21 Reference and Sample Texts We have so far taken the reference and sample texts to be quite distinct, but if both are quite short, it can be best to include the sample text within the reference (there is a checkbox in Signature to do this automatically; this is ticked by default, but will be greyed out if the texts involve overlapping corpora). Applying the test is then like asking: Suppose we have an author whose style is typified by the combination of the reference and the sample texts, R and S. Then what is the probability that such an author, writing a text of the same length as S, would purely by chance... The principle here is simply that statistical results are more reliable when theyre based on more data.
22 Word Lists The tests looked at so far are relatively crude from a literary point of view. Stylistic differences can be shown more sensitively by testing for authors usage of particular words rather than mere word lengths etc. Signature provides a Word List facility (under the Wordlists menu). Select Edit wordlists, then click on New List, give your word list a name, then type into the Memo the words you want the list to contain, before clicking on OK (also indicate if you want your list to be case-sensitive). Now when you select any texts, they will if necessary be re-read, and a graph of the listed word occurrences displayed on the Words tab (see bottom-right corner of the screen).
23 Key Words Signatures key words facility can help you decide which words are most useful for author identification. To illustrate this, load the five Federalist Papers files provided, click on Hamilton and Madison, then select Key words from the Wordlists menu. A table will be generated showing the top 50 keywords that tell in favour of Hamilton (+ values), followed by the top 50 that tell in favour of Madison (– values). Move down the list, control-clicking to select upon, while, whilst and on. Then click on the cyan label, and youll enter the word list facility with the chosen words already included. Use this to identify the true author of the Unknown Federalist Papers!
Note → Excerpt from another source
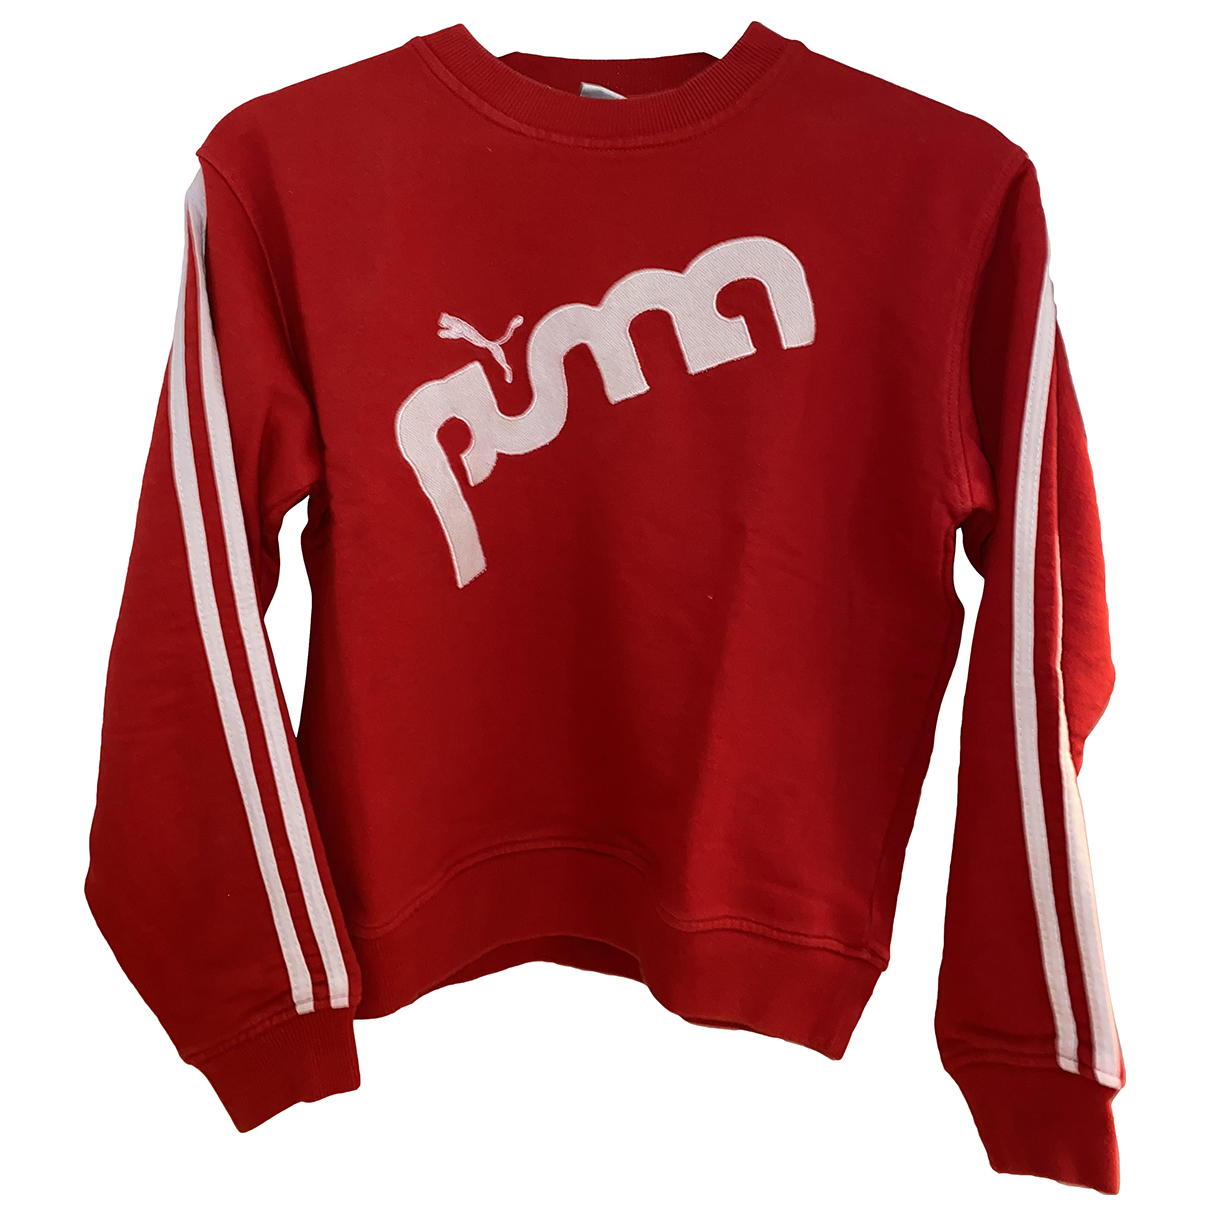 Puma N Red Cotton Knitwear for Women S International

24 Other Features of Signature The File menu enables you to read texts into multiple files (where tags are present), and to re- load texts (useful if editing has taken place meanwhile, or if loading was previously aborted for some reason). You can also hide texts to avoid cluttering the lists. The View menu provides a text viewer into which texts can be read (at the cost of speed). This helps when defining an appropriate filter (also accessible through the View menu) for removing unwanted textual artefacts (e.g. HTML entities, or changing Mr. to Mr to avoid misidentification of sentence endings). The Graphs and Tables menus provide a variety of formats for copying graphs/tables to the ClipBoard.